Aiming to help drive standards & interoperability in video workflows, Adobe has announced CinemaDNG, a cousin of the DNG (Digital Negative) standard for raw image capture. According to the press release,
Adobe is working with a broad coalition of leading camera manufacturers
including RED, Panavision, Dalsa, Weisscam, and ARRI along with software vendors including Iridas and The
Foundry to define the requirements for an open, publicly documented CinemaDNG file format that will lend
predictability and consistency to digital production workflows.
As with the established still-image form of DNG, Cinema DNG helps minimize the risk that
proprietary or camera-specific file formats will be unsupported in the future, because CinemaDNG will provide an
open, durable, standard format.
CNET covers the news while noting some of Adobe’s other video-related announcements this week, including a demo of automatic text-to-metadata speech transcription & support for Sony’s XDCAM EX tapeless video format in CS3 tools.
I take moment om this and ask my self
does really this will be helpful for adobe?
[CinemaDNG? Well, it should help Adobe and all vendors (and therefore customers) by facilitating interoperability. Looking just at “regular” DNG, it has helped Adobe by making older versions of Camera Raw compatible with new cameras, without us having to revise those versions of Camera Raw. (Because they support DNG, as long as you convert your raw files to DNG you’re good to go. Other raw vendors have capitalized on our work to turn proprietary raw formats into DNG, and even Apple has belatedly realized that supporting DNG lets them support a broader range of cameras (by leveraging the work Adobe has done). –J.]
okey i know many people using Sony’s XDCAM EX format but
why sony not developing thire format why always adobe must doing that!
2 days ago I started tracking CinemaDNG at the following page, as part of my comprehensive coverage of DNG:
http://www.barrypearson.co.uk/articles/dng/cinemadng.htm
I doubt if I will attempt to provide much technical information about CinemaDNG, because it isn’t something I am likely to use.
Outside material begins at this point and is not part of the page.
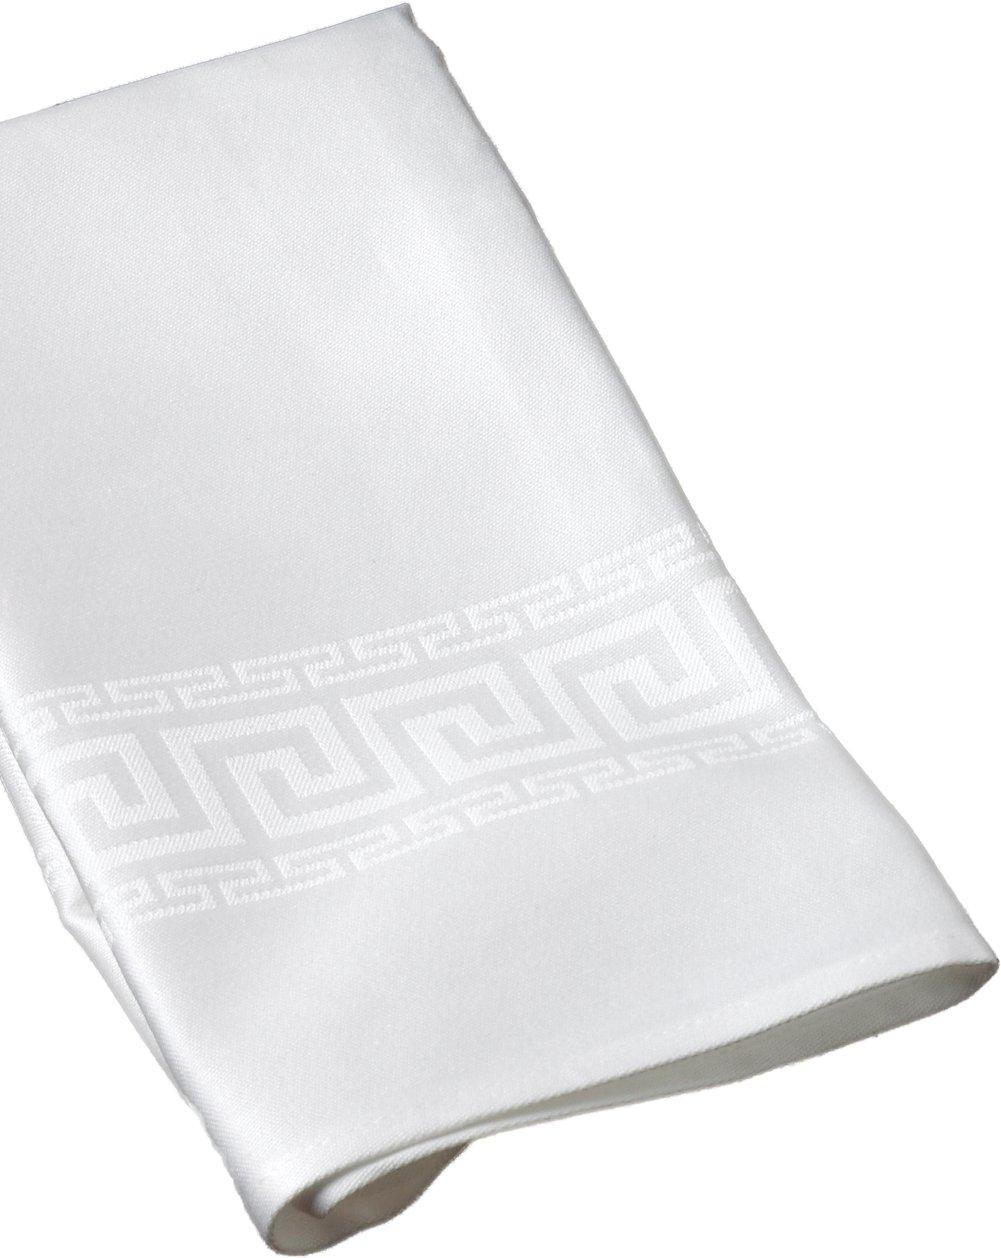 (Oyster) - Elegant Greek Key Design Damask Napkins, 50cm x 50cm, 100% Cotton, Set of 4 (Oyster Colour)  オイスター B00C4AI5EM
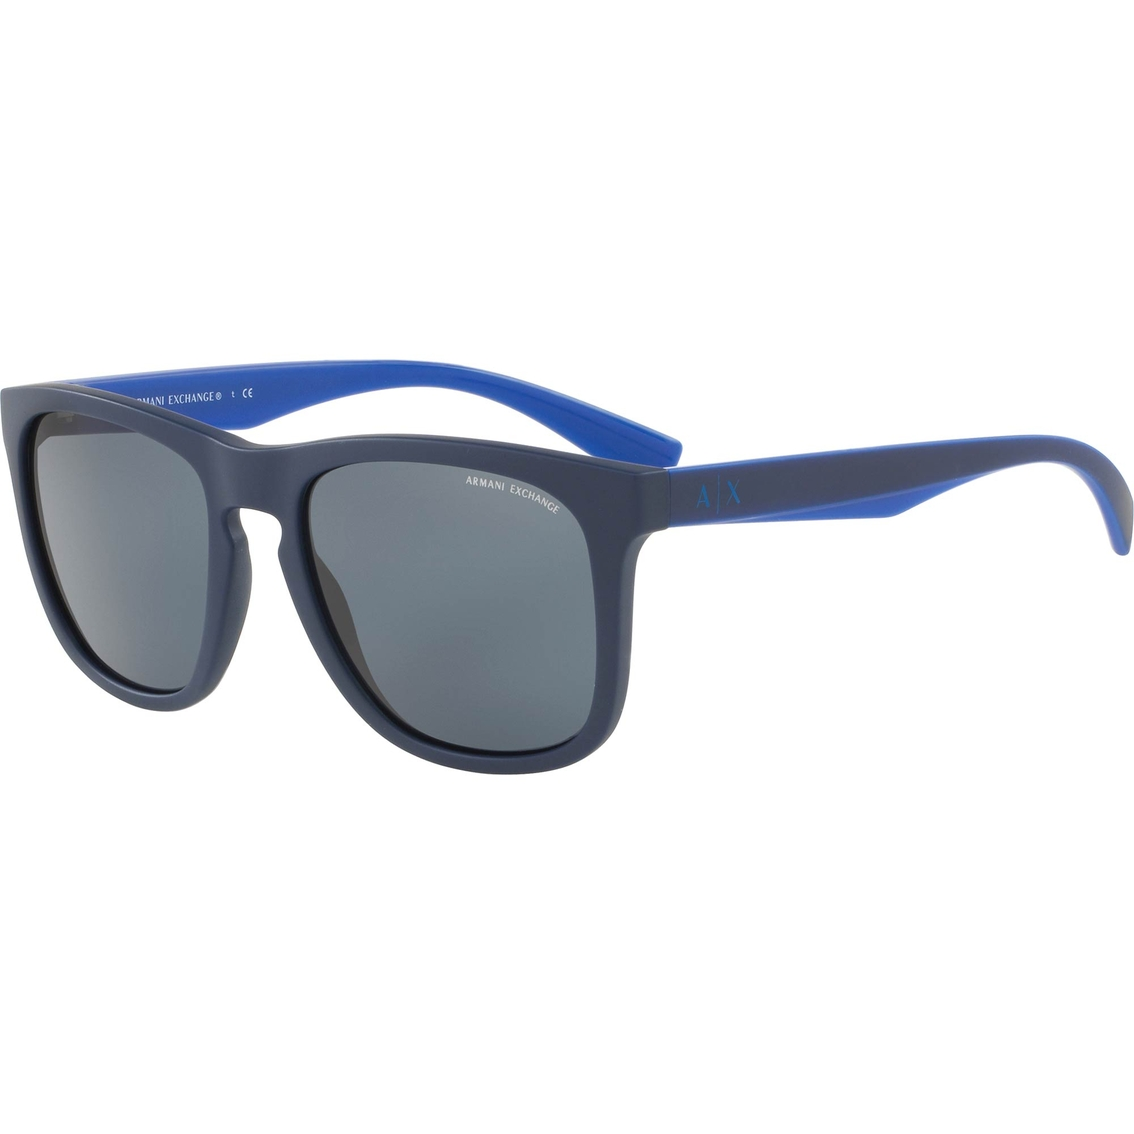 a6b5cfc5c0 Armani Exchange Sunglasses 0ax4058s | Men's Sunglasses | Handbags ...

[Good to know, Barry; thanks. –J.]
Sounds like a good idea, and I hope it can even go beyond a bit into Stu Maschwitz idea of a Universal Color Metadata format:
http://aeportal.blogspot.com/2007/09/universal-color-metadata-format.html
okey i know many people using Sony’s XDCAM EX format but
why sony not developing thire format why always adobe must doing that!
forewer adobe !
Links of interest:
On the convergence of video and photo:
http://www.luminous-landscape.com/essays/red-raw.shtml
An affordable RAW video camera
http://www.red.com/nab/scarlet
[Thanks for the links, Pedro. –J.]
i cant undestand you soo match
speseficly this
As with the established still-image form of DNG, Cinema DNG helps minimize the risk that proprietary or camera-specific file formats will be unsupported in the future, because CinemaDNG will provide an open, durable, standard format.